Arbuscular mycorrhizal fungi community analysis revealed the significant impact of arsenic in antimony- and arsenic-contaminated soil in three Guizhou regions

IntroductionThe lack of systematic investigations of arbuscular mycorrhizal fungi (AMF) community composition is an obstacle to AMF biotechnological applications in antimony (Sb)- and arsenic (As)-polluted soil. MethodsMorphological and molecular identification were applied to study the AMF community composition in Sb- and As-contaminated areas, and the main influencing factors of AMF community composition in Sb- and As-contaminated areas were explored.
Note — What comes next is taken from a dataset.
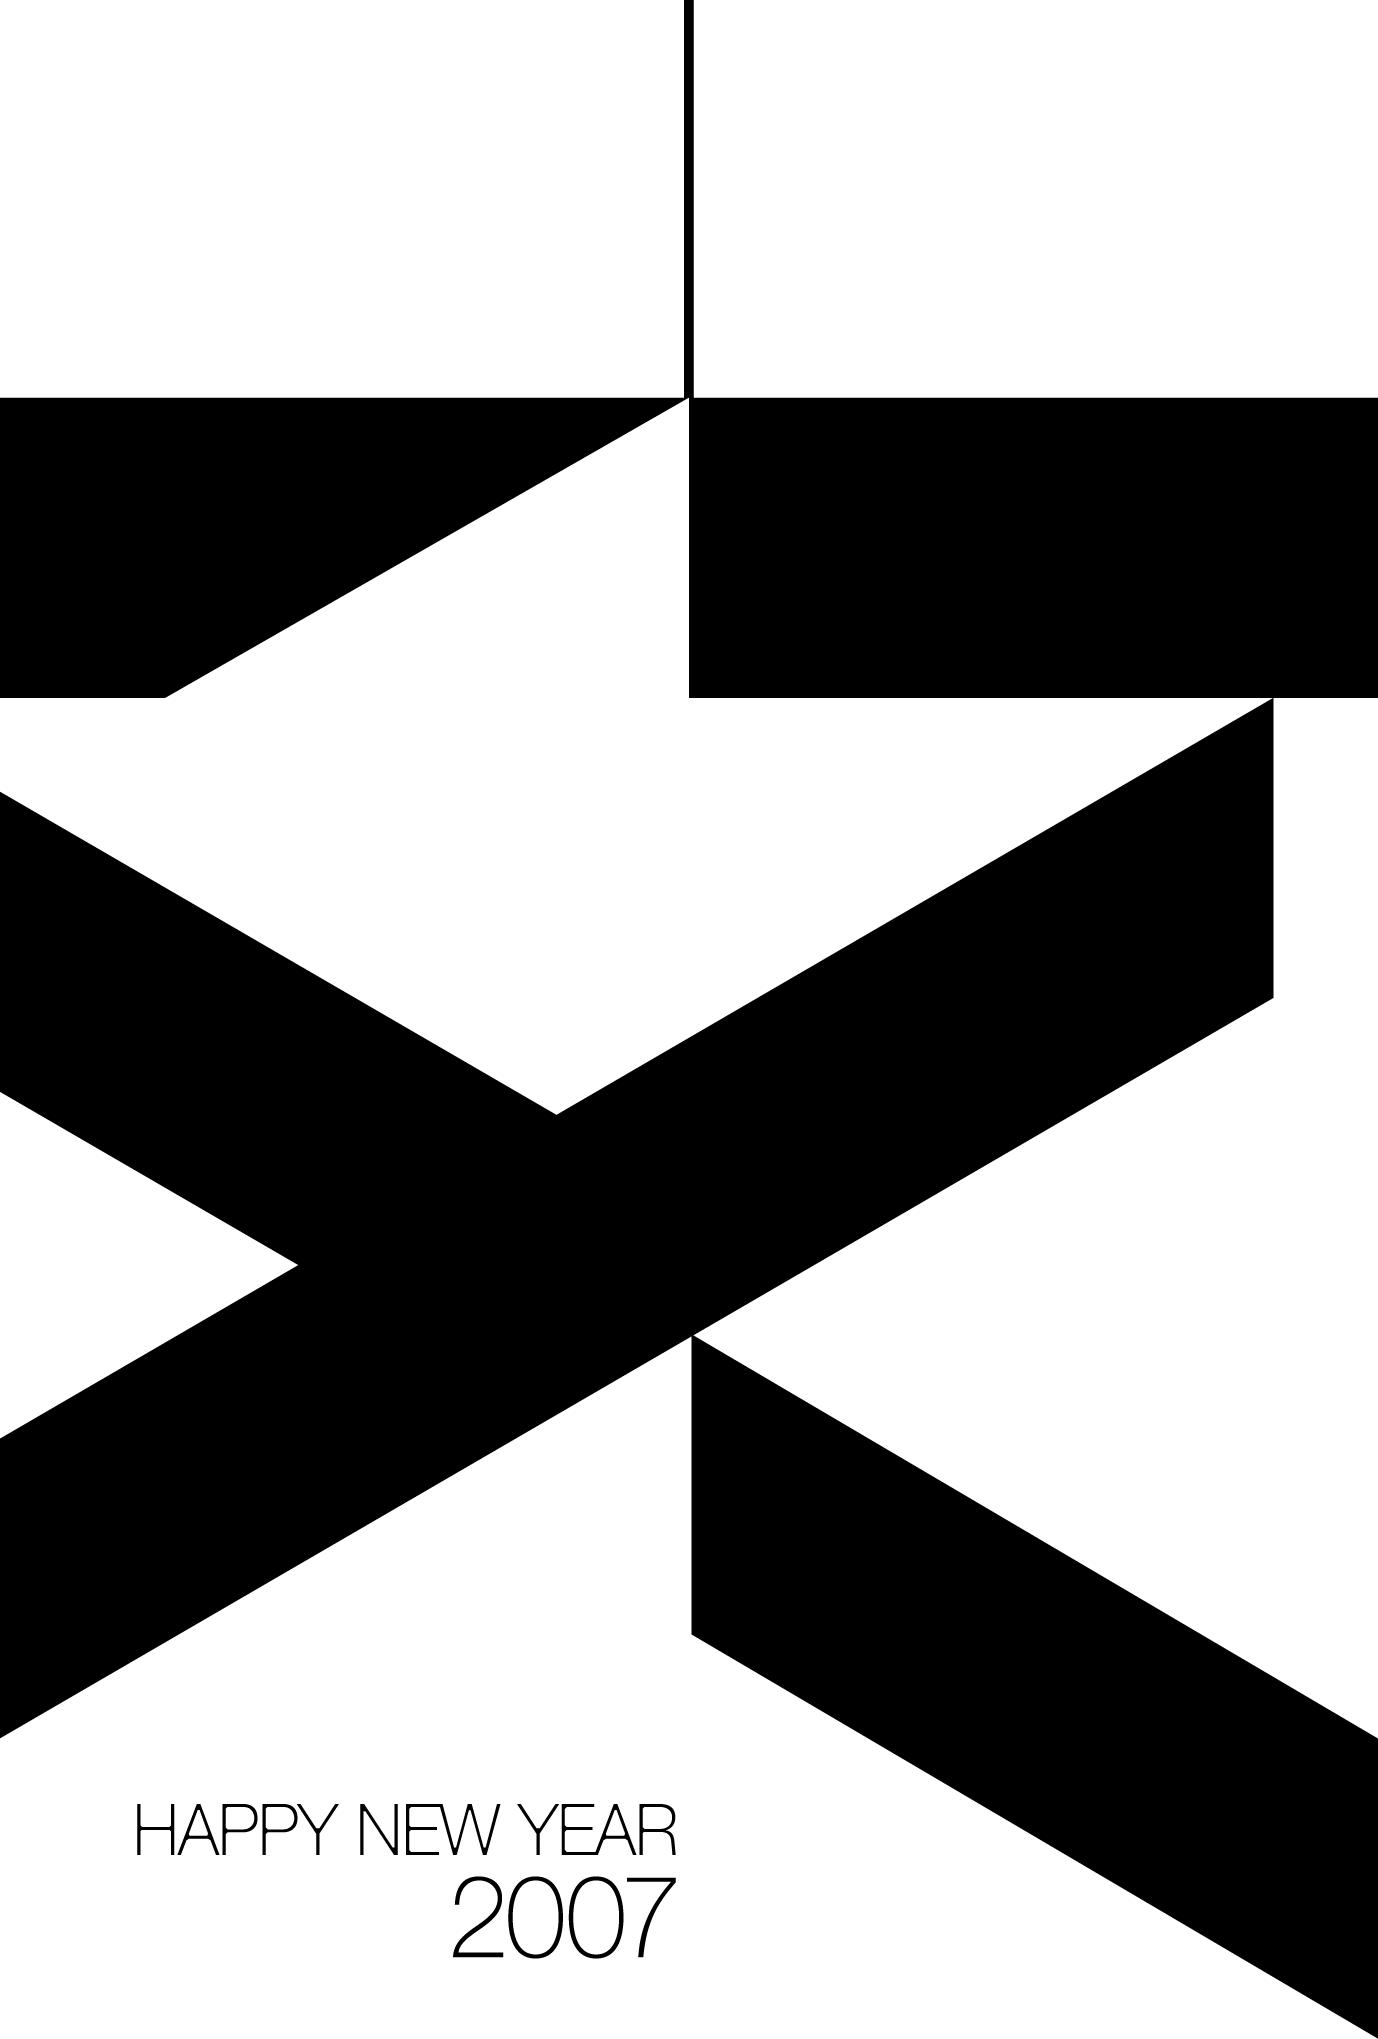 2007年賀状15:亥の図案 2007 / 黒のダウンロード画像

Results(1) A total of 513,546 sequences were obtained, and the majority belonged to Glomeraceae [88.27%, 193 operational taxonomic units (OTUs)], followed by Diversisporaceae, Paraglomeraceae, Acaulosporaceae, Gigasporaceae, and Archaeosporaceae; (2) the affinity between AMF and plants was mainly related to plant species (F = 3.488, p = 0.022 < 0.050), which was not significantly correlated with the total Sb (TSb) and total As (TAs) in soil; (3) the AMF spore density was mainly related to the available nitrogen, available potassium, and total organic carbon; (4) The effect of soil nutrients on AMF community composition (total explanation: 15.36%) was greater than that of soil Sb and As content (total explanation: 5.80%); (5) the effect of TAs on AMF community composition (lambda = -0.96) was more drastic than that of TSb (lambda = -0.21), and the effect of As on AMF community composition was exacerbated by the interaction between As and phosphorus in the soil; and (6) Diversisporaceae was positively correlated with the TSb and TAs. DiscussionThe potential impact of As on the effective application of mycorrhizal technology should be further considered when applied to the ecological restoration of Sb- and As-contaminated areas.